--- YOUR INSTRUCTIONS ---
Please give back the listing exactly, without any of its pictures.

──────── EXERCISE DATA ────────

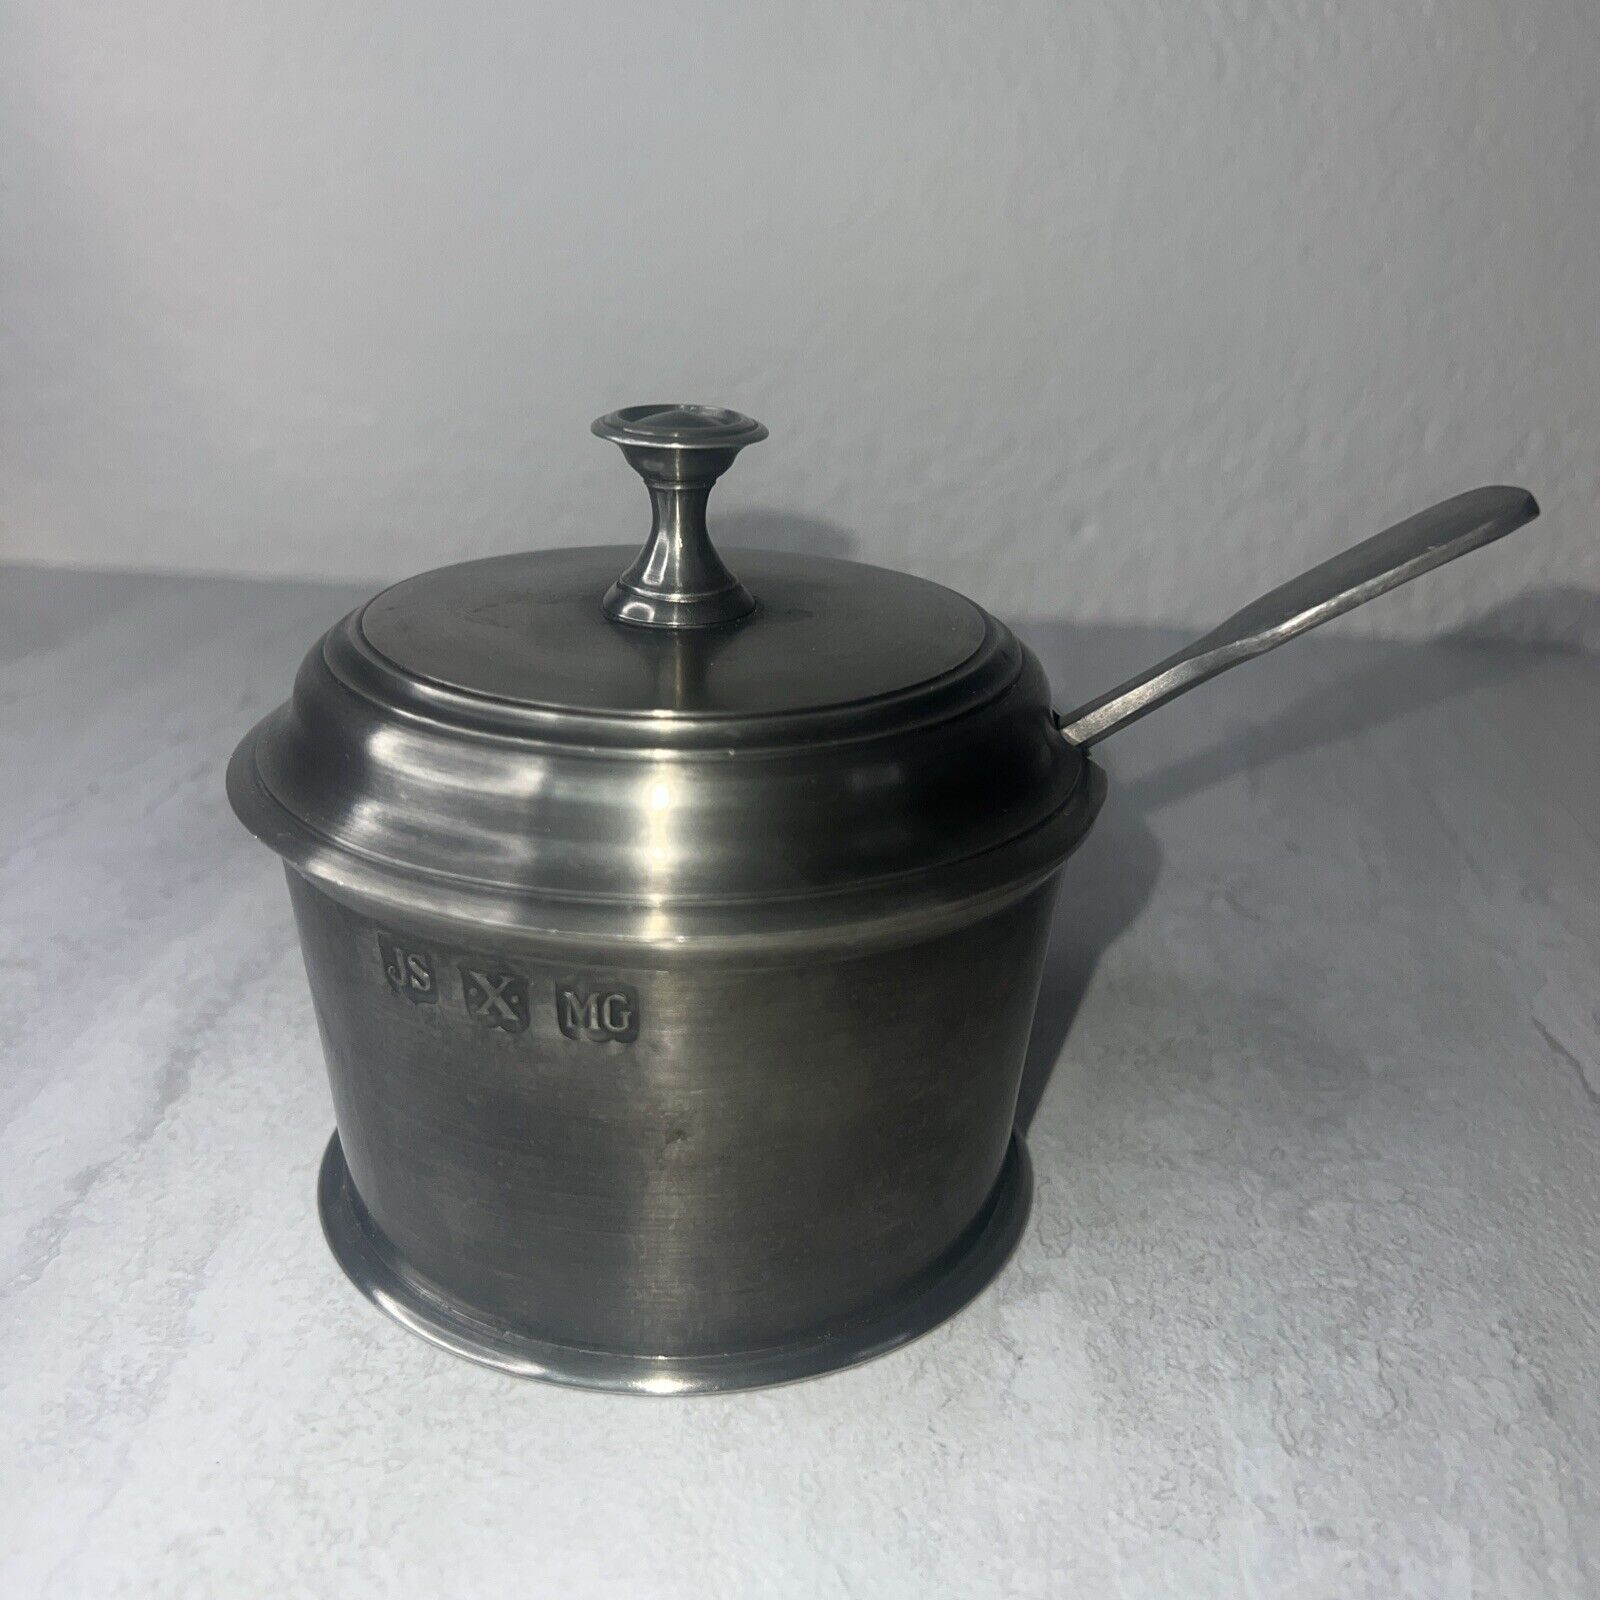 john somers brazil pewter Condiment Sugar Dish With Lid And Spoon Vintage Flaws
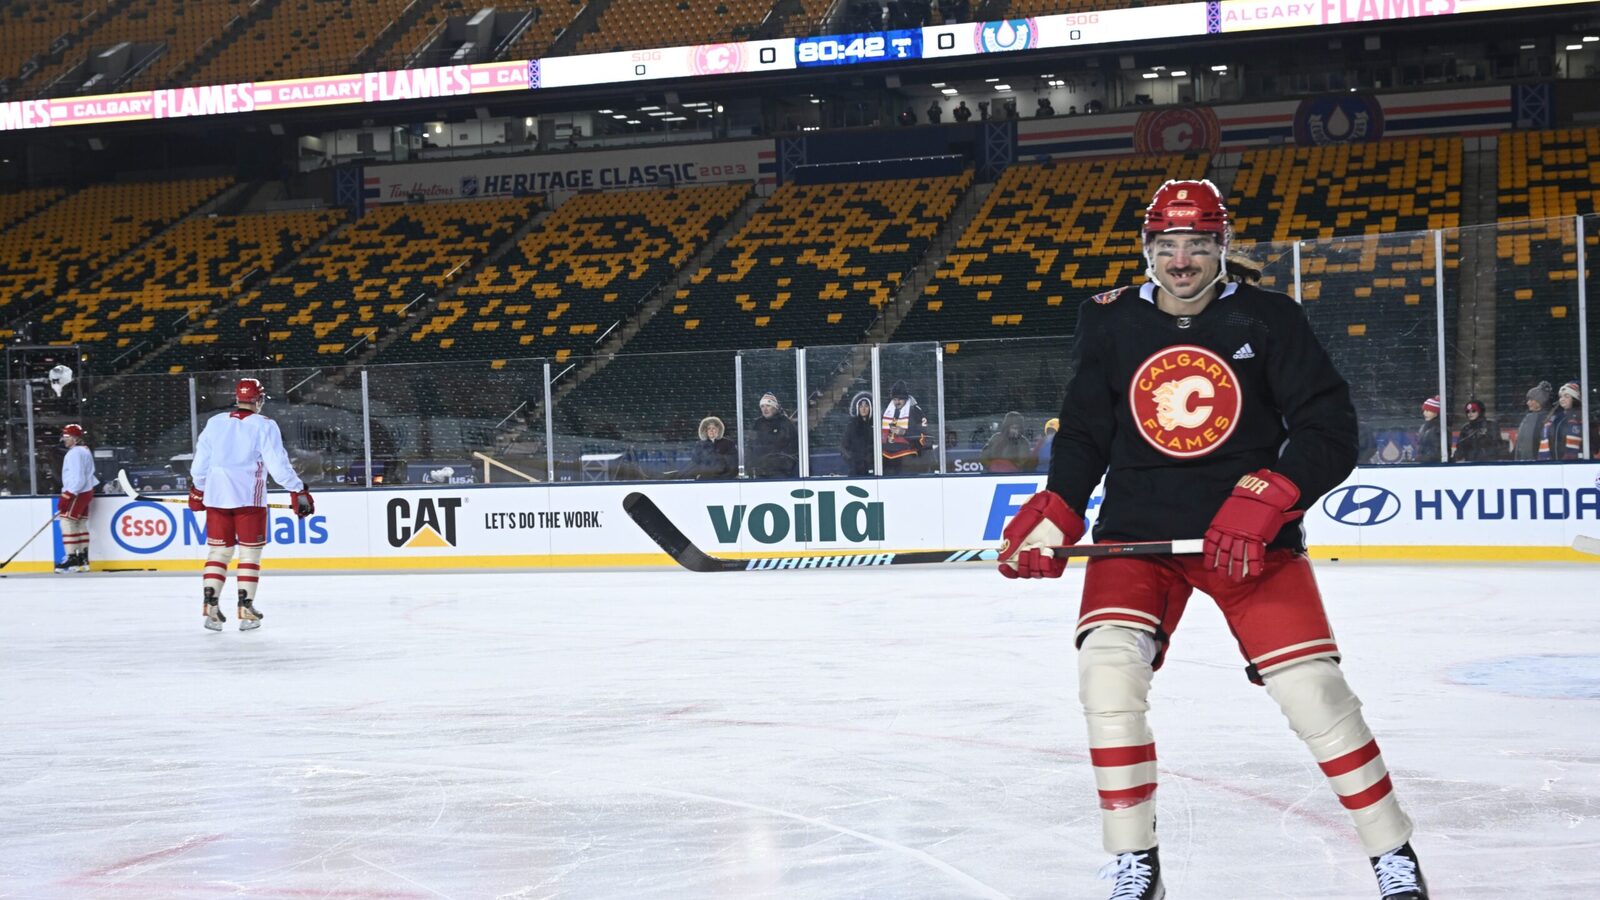 Revisiting the Calgary Flames' first chilly outdoor game
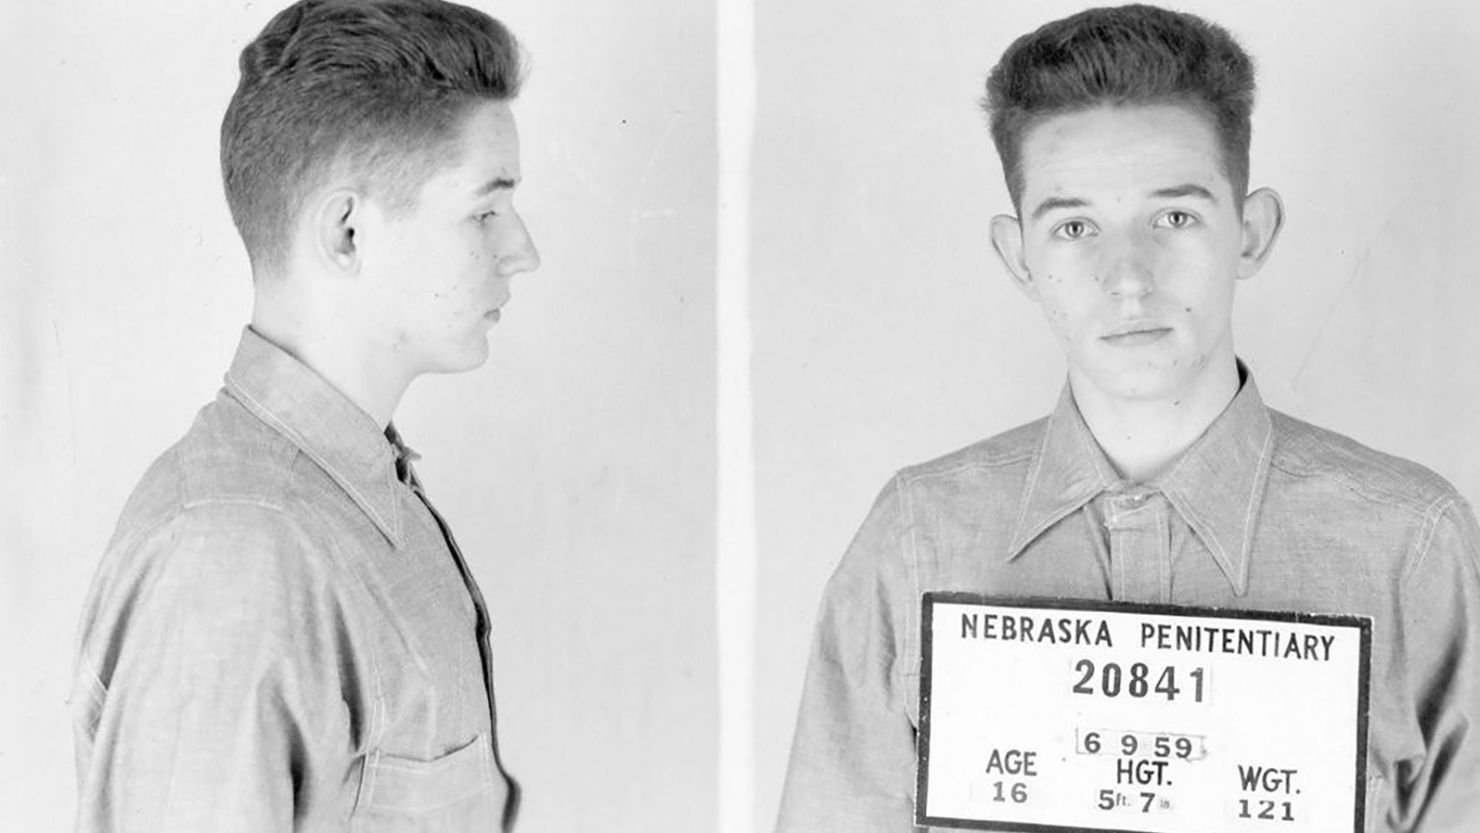 William Leslie Arnold was sentenced to life in prison in 1959 for murdering his parents.

────────

--- RESPONSE ---
 john somers brazil pewter Condiment Sugar Dish With Lid And Spoon Vintage Flaws
 Revisiting the Calgary Flames' first chilly outdoor game
 William Leslie Arnold was sentenced to life in prison in 1959 for murdering his parents.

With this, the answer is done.